Primavera Parfum chce zwiększyć przychody o 20 proc. Wchodzi na Amazona
Firma, poza klasycznym hurtem, realizuje szereg innych usług – m.in. dropshipping, czyli model logistyczny sprzedaży przez Internet, polegający na przeniesieniu całego procesu wysyłki towaru na dostawcę. Primavera Parfum oferuje także możliwość stworzenia i obsługi dedykowanego sklepu internetowego oraz strefy marek na portalu Allegro.pl. Uzupełnieniem jest usługa cross-border, czyli plasowania produktów na azjatyckich rynkach online czy sprzedaży za pośrednictwem własnych sklepów internetowych, takich jak Tagomago.pl oraz Perfumeria.pl.
W planach jest poszerzenie asortymentu eksportowanych na wschód towarów o nowe grupy produktowe. Z uwagi na to, że w systemie cross-border dopuszczalna jest sprzedaż towarów do jednego kilograma, Primavera Parfum – poza kosmetykami - skupi się na trzech nowych grupach – asortymencie dla zwierząt, zabawkach i asortymencie niemowlęcym oraz odżywkach.
Rozwój nowych grup produktowych planowany jest również w sprzedaży krajowej. Firma nawiązała ostatnio współpracę z jedną z rodzimych marek biżuteryjnych. Już wkrótce Primavera Parfum zacznie współdziałać z Amazonem.
- Rozpoczniemy od sprzedaży towarów u naszego zachodniego sąsiada - Niemiec, co podyktowane jest między innymi największy udziałem Amazona na tamtejszym rynku e-commerce. W skali miesiąca odnotowuje się tam przeszło 500 milionów wizyt, a to z kolei przekłada się na ogromny potencjał sprzedażowy, z którego chcemy skorzystać - wyjaśnia Michał Żółkowski, Head of Project Management w Primavera Parfum.
Spółka przy działaniach na platformie będzie współpracowała z ekspertami z firmy Nethansa, specjalizującej w tworzeniu rozwiązań, które pomagają wejść na globalny rynek reprezentowany przez Amazon.
Primavera Parfum chce oferować swoim klientom możliwość sprzedaży produktów także za pośrednictwem polskiej wersji Amazona. W dalszej kolejności planowane jest rozwijanie oferty o inne rynki europejskie, na których dostępna jest ta platforma sprzedażowa.
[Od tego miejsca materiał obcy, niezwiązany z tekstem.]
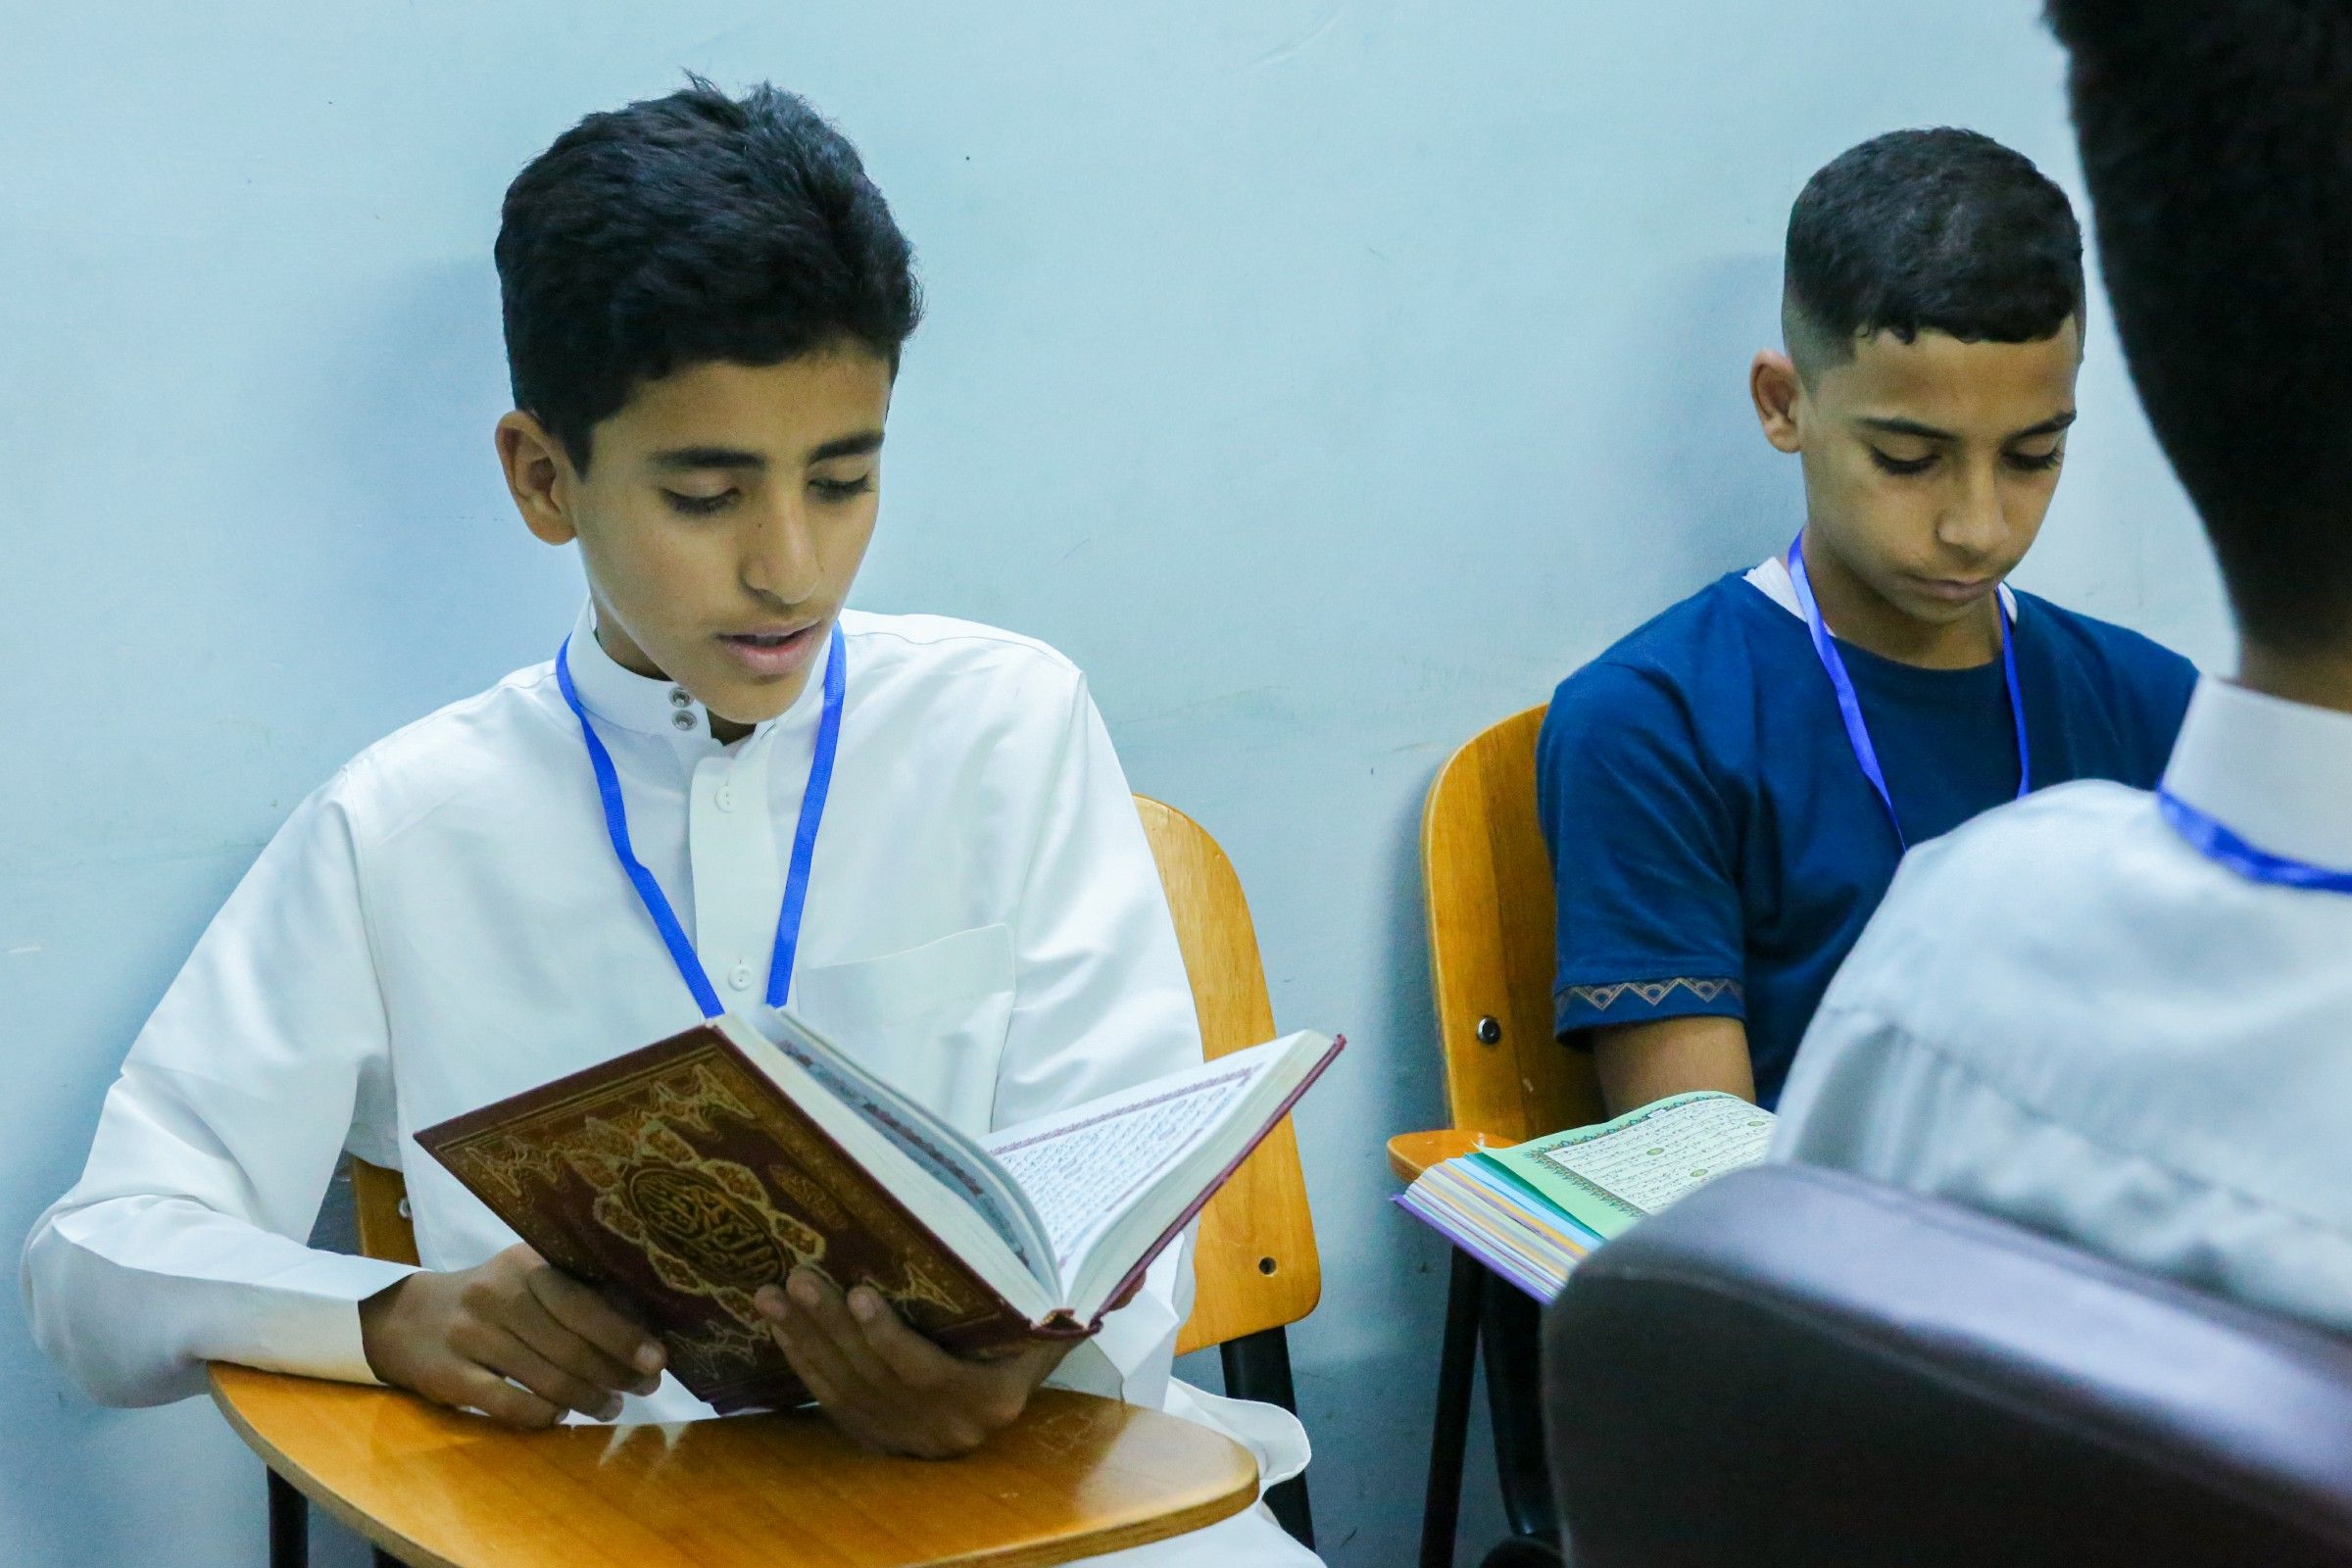 وحدة التحفيظ في معهد القرآن الكريم تطلق العمل بمشروع الحافظ الماهر

W opinii zarządu będzie to kolejny milowy krok, pozwalający umocnić pozycję lidera na krajowym rynku oraz zwiększyć rozpoznawalność poza jego granicami.
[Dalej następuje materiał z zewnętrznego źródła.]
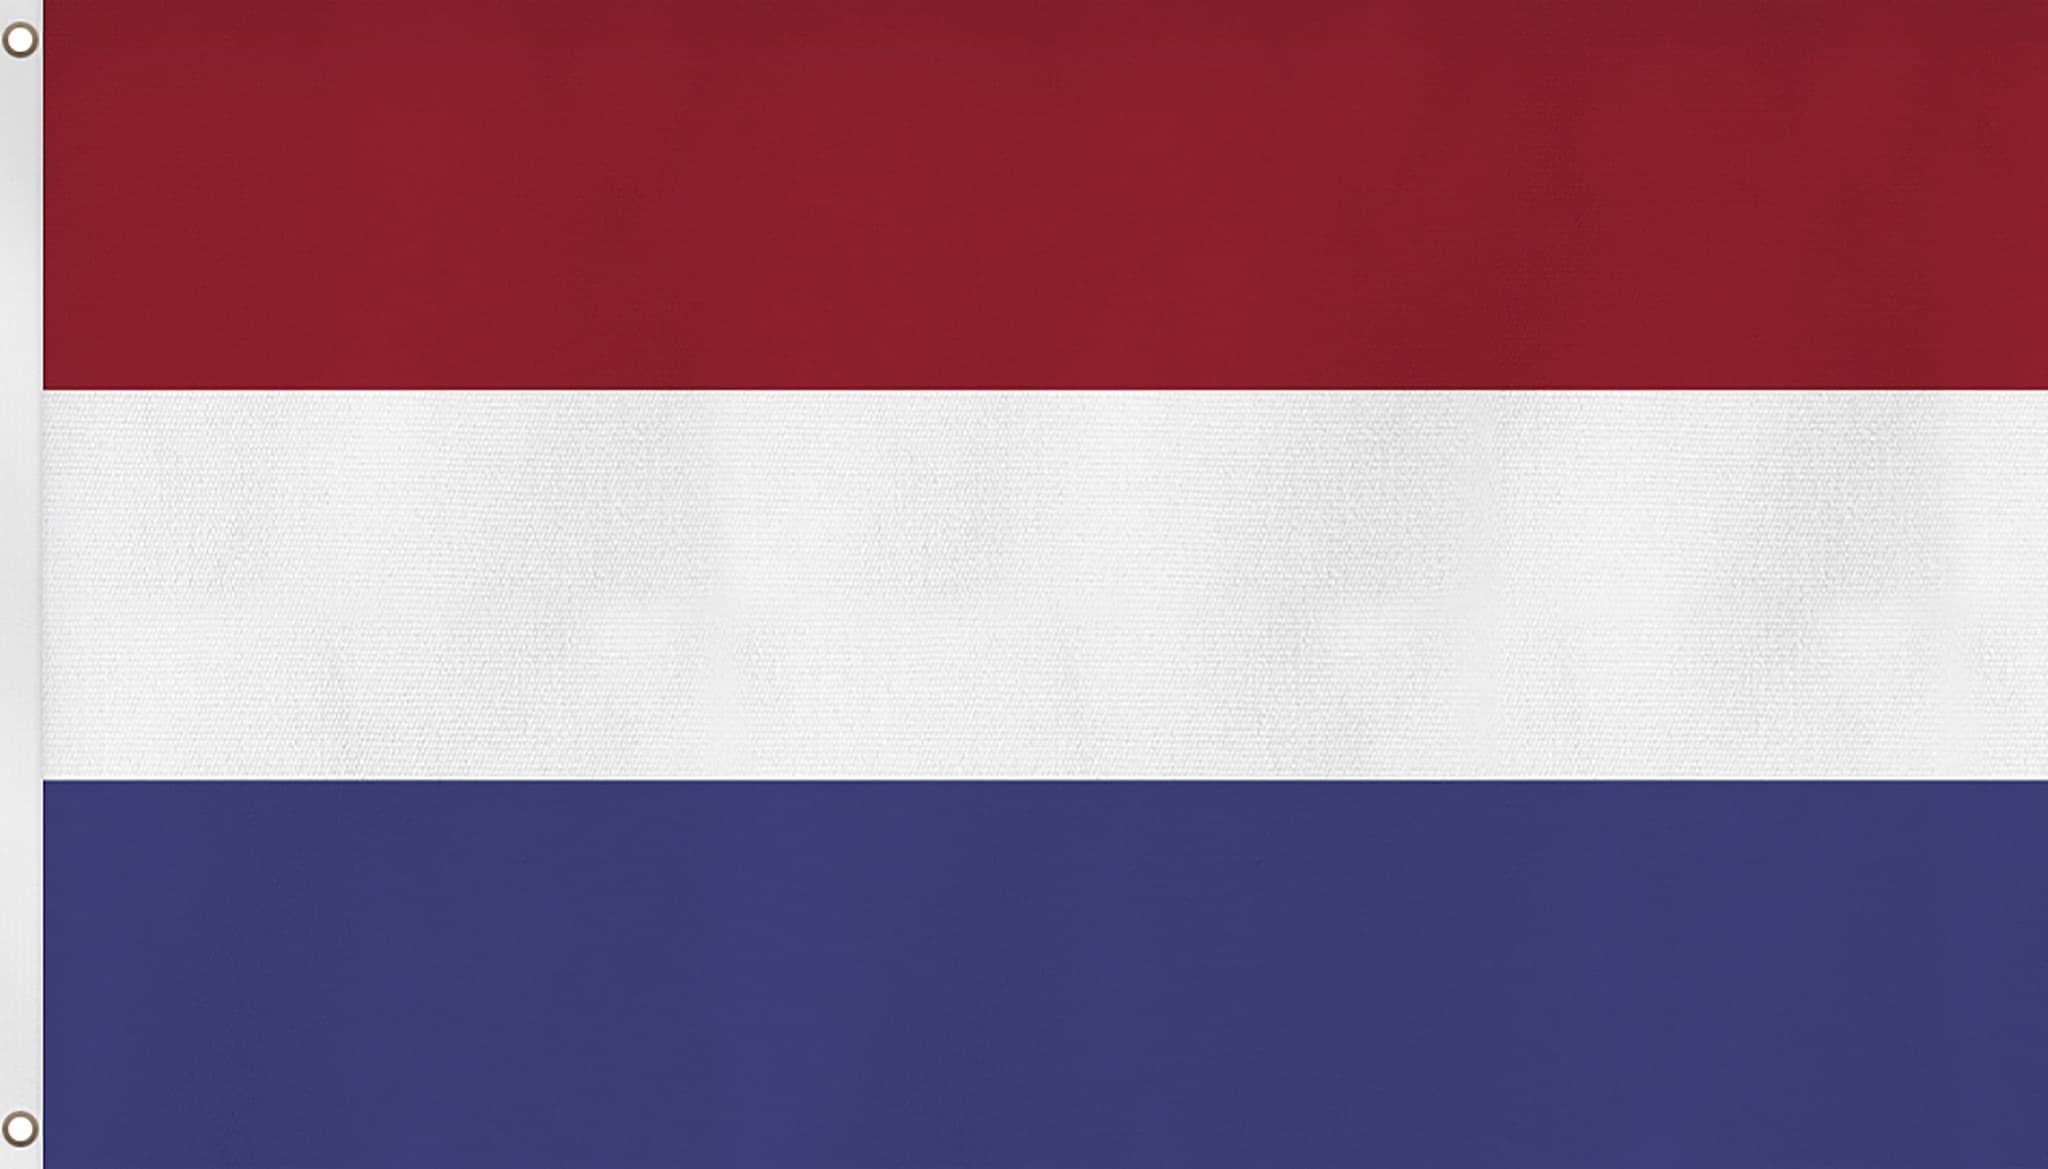 Bild von Fahne Länderflagge 90 cm x 150 cm Niederlande

Prognozowane obroty na koniec 2021 r. powinny być o 20-proc. wyższe niż w minionym roku. Przyczyni się do tego między innymi intensywny rozwój segmentu dropshippingu. W zeszłym roku w tym systemie wysłano 460 tysięcy paczek. W tym roku liczba ta ma wzrosnąć do 820 tysięcy (przy możliwościach logistycznych na poziomie 2,2 mln paczek rocznie).